A Plot Engine? (design conversation) Whispering to NPCs

I’m not sure how to build this thing, so I want to talk it out here. I’m aiming to get a sense of the general logic.

Suppose you have pretty active NPCs that run around and do things, like Sims would if Sims didn’t need a human to point-and-click for them.

What I’m currently thinking of is a set of Significant Event scenes, that hang out in potentiality, waiting for a chance to realize themselves. They have boundary conditions. The more the boundary conditions are fulfilled, the more likely the Significant Event scene is to fire.

When the Significant Event scene becomes active, it starts whispering in the NPCs ears, to tilt their actions toward doing those kinds of things that fulfill the conditions that cause the event to happen.

–That’s the core point: I don’t know how to handle such tilting. It seems, of course, that how to implement the “whispering in the ear of the NPC” depends strongly on how the NPCs choose to do things. OTOH, it’s up in the air how to make the NPCs do things. Naturally I want to design that in such a way that the plot engine can manage it relatively easily.

The intended benefit of this will be to replace entirely the linear plot structure, with choice points (or without them). Instead we’ll have a cloud of simulator events, with Significant Event scenes opportunistically arising out of the chaos.

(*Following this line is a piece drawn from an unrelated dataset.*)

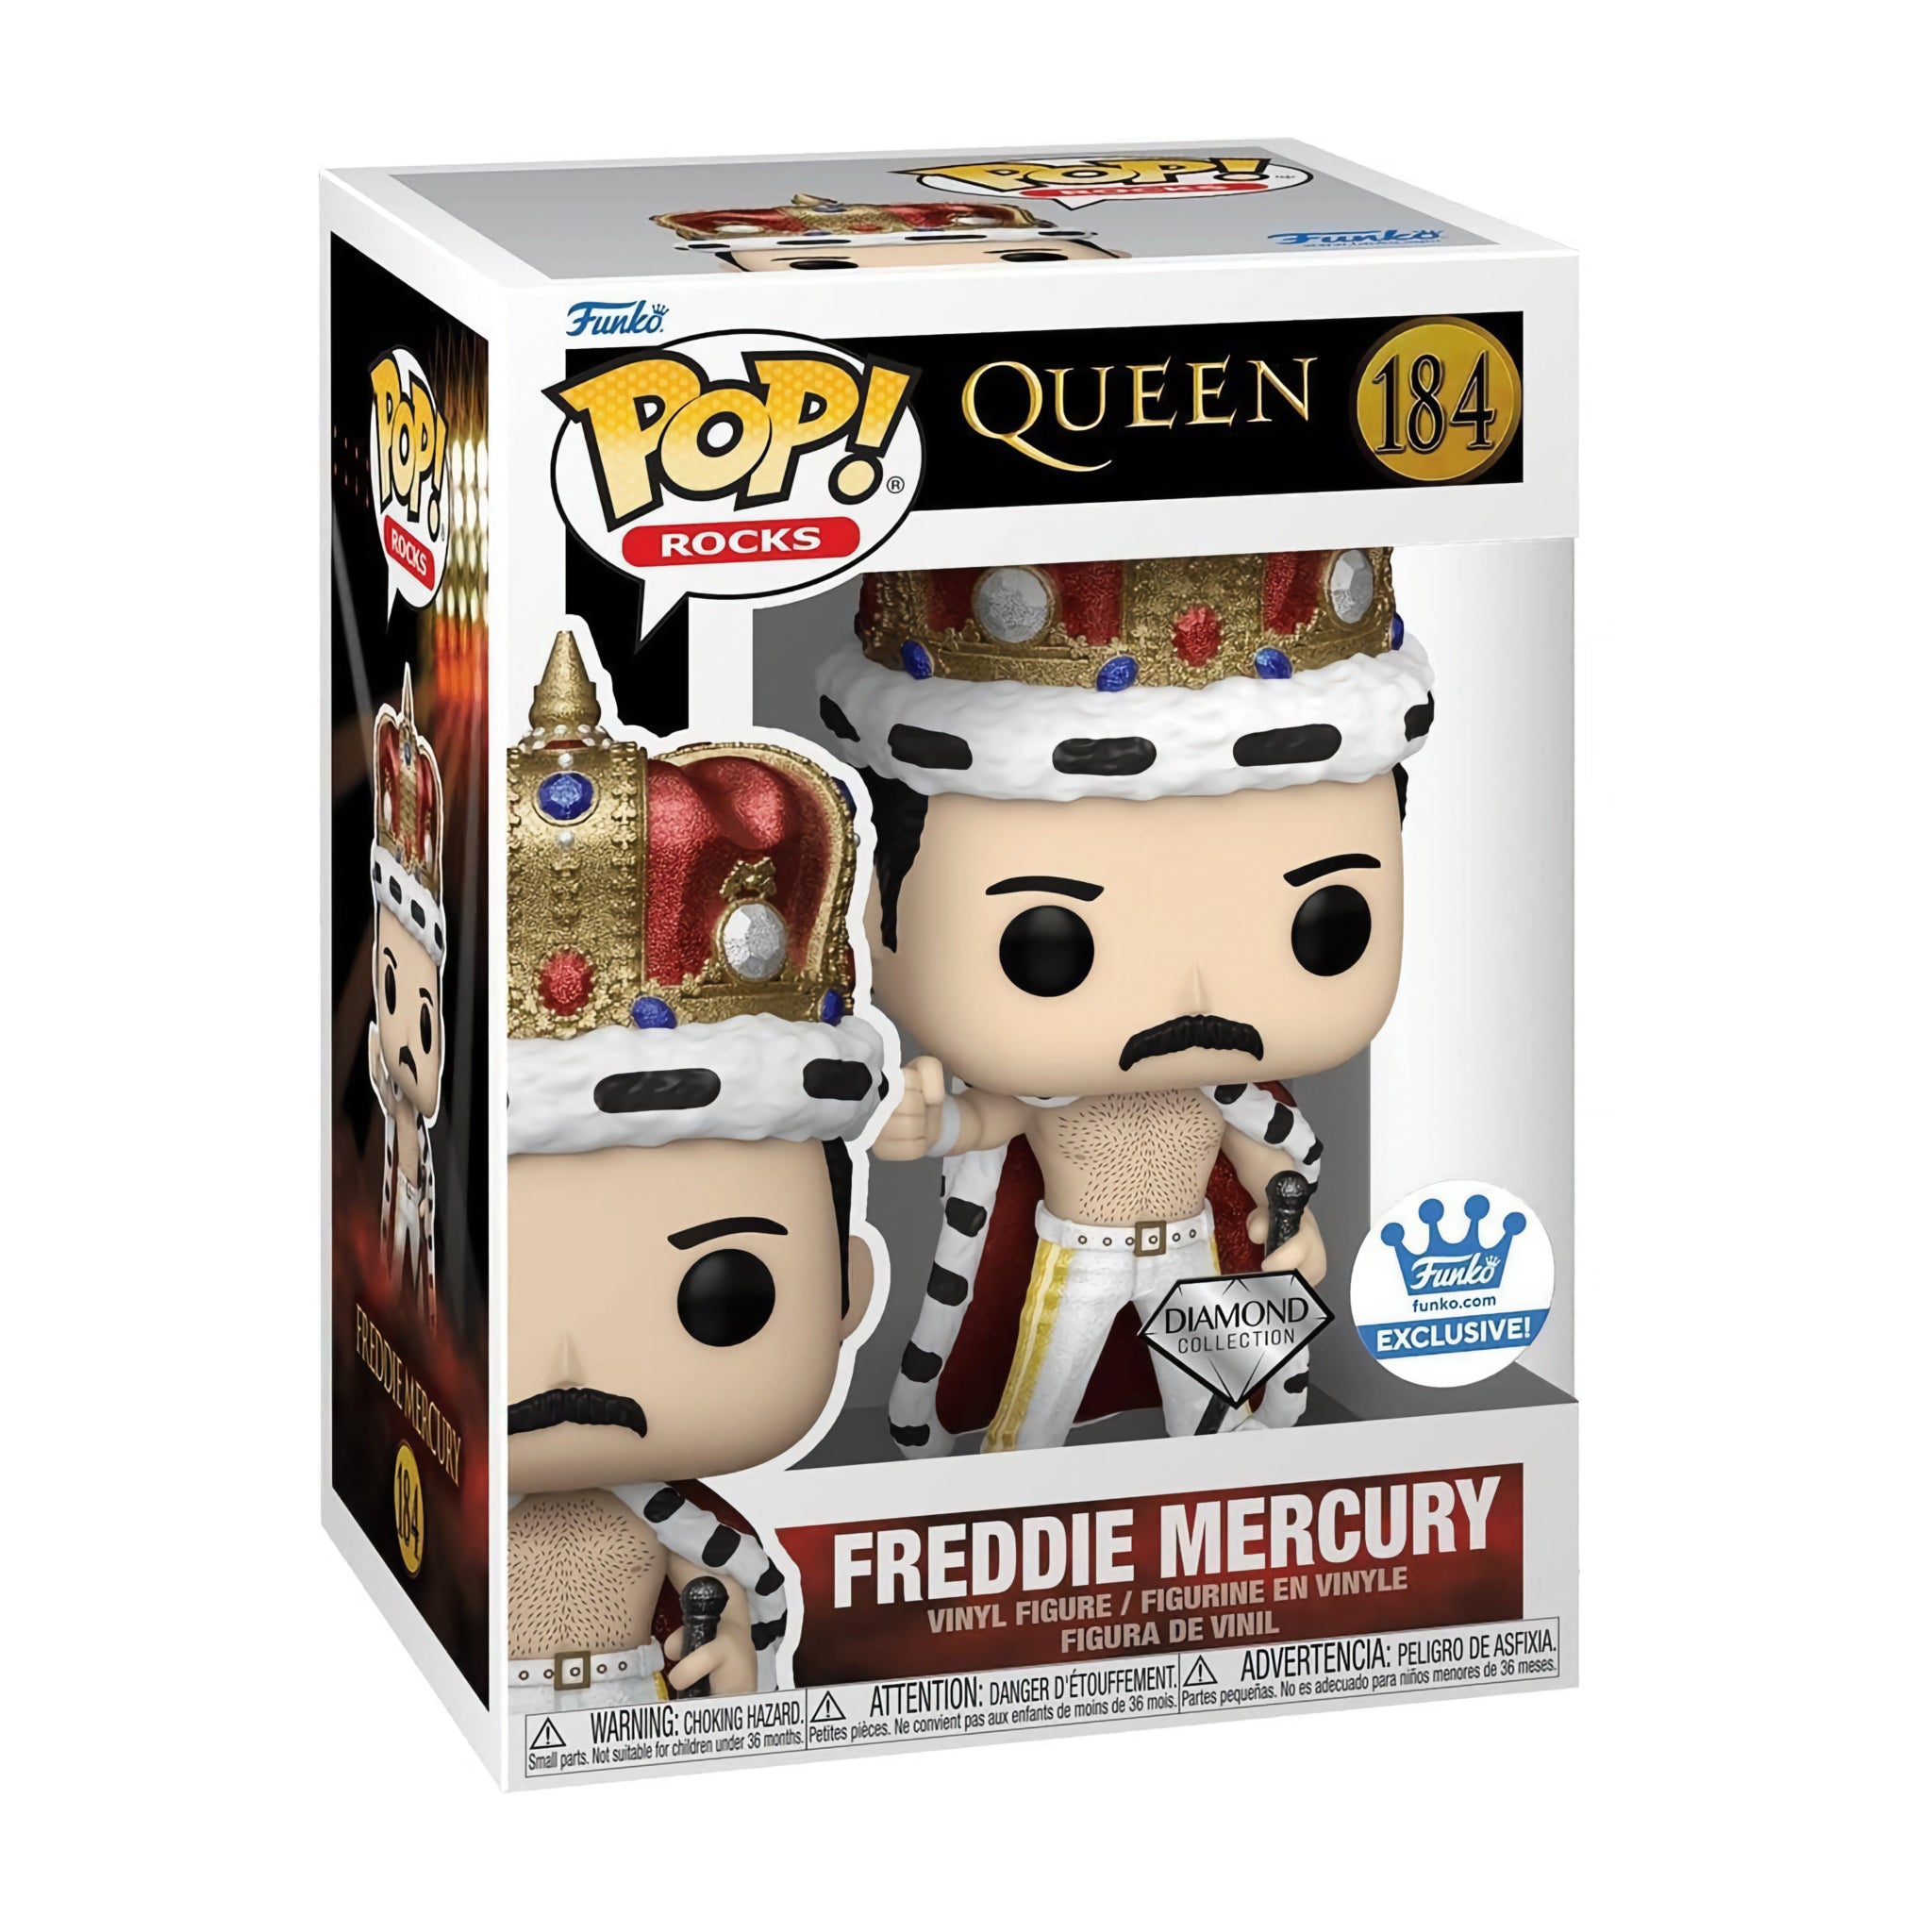 Freddie Mercury DIAMOND Funko Pop! FUNKO EXCLUSIE

Thoughts on tilting and NPC motive logic?

Conrad.

Sims already do. (They don’t do important things, like find new jobs, have sex, fix broken appliances or teach their children how to walk, but they can mostly handle business-as-usual behaviour. They’re inefficient at it, which is another matter.

The difficulty is not how to do this, but how to do this in a way that doesn’t slow your game down to a crawl. If you have a large number of NPCs, all with a significant number of potential actions and Significant Events, all of which have to be checked against each other on a regular basis… yowch. You’d want to find ways to space these out (perhaps by managing NPCs through short-term goals rather than action by action).

One obvious way to tilt actions, for instance, would be to have NPCs choose their actions from a weighted probability list, and tinker with the probabilities depending on context. But doing it this way would involve a lot of repeating through lists or tables, and a considerable amount of work on keeping the probability scores updated.

Assuming you get your performance issues sorted out, there are still design issues. First, complex NPC simulations are just difficult for the player to figure out: if you’ve ever played Prom Week you’ll know that the system can feel rather impenetrable. Relatedly, it’s important (and difficult) to give the player enough tools to be able to successfully negotiate a simulated social landscape.

Finally, making procedural character behaviour non-idiotic is just a great big pile of consistently difficult work – doubly so if you want your characters to be doing non-boring things, triply if you want this to be described in a non-boring way. (And all this tends to lead to bloat; this is not something that most IF platforms will accomodate easily, except at relatively modest scales.) You need to hand-craft things a lot – which is what you’re thinking of doing with Significant Scenes, presumably.

Those are interesting points you raise, Maga.

Yes, I suppose I’m looking for NPCs that take care of Business As Usual. I’m thinking them through.

I suppose the goal is to organize NPC behavior so it (a) creates a volatile situation, which however (b) never actually triggers an extreme event.

So, you’d have all kinds of interesting things the NPCs could potentially do, but they don’t actually do them until the player comes along and gives things a shove. Perhaps a village or fortress where the player can try to play matchmaker, get an honest man to run for office (or Hamlet to get his act in gear), and so forth.

Or conversely, you could have a situation where the NPCs are headed toward Certain Doom of some kind – a war is brewing, perhaps – and the player must intervene to prevent the calamity. But I prefer the other version.

I see your point about slowing down a program with a lot of processing. Also, goal-oriented behavior – making NPCs chess players – becomes very difficult to handle very quickly.

I guess there are three basic levels I’m thinking about this on:

  • Business as usual.
  • Trivial narrative events.
  • Dramatic events.

Business as usual is the background hum of the npc social fabric. Trivial narrative events are scripted events that happen by default, but that stand out from business as usual. Dramatic events require the intervention of the player.

Conrad.

In the end all you really need is to produce the illusion that the NPCs are doing these things.

That being said, you can produce some sort of path for the NPCs to walk, and if the player runs into them in certain rooms, they could have certain behaviors.

I think maybe you should consider whether to go for a bottom-up approach (autonomous NPCs whose behaviours form (emergent?) patterns) or a top-down approach (the larger patterns actually control the NPCs). Or some sort of mix, where the NPCs are largely autonomous, but you’re pulling the strings to nudge them towards certain behaviours.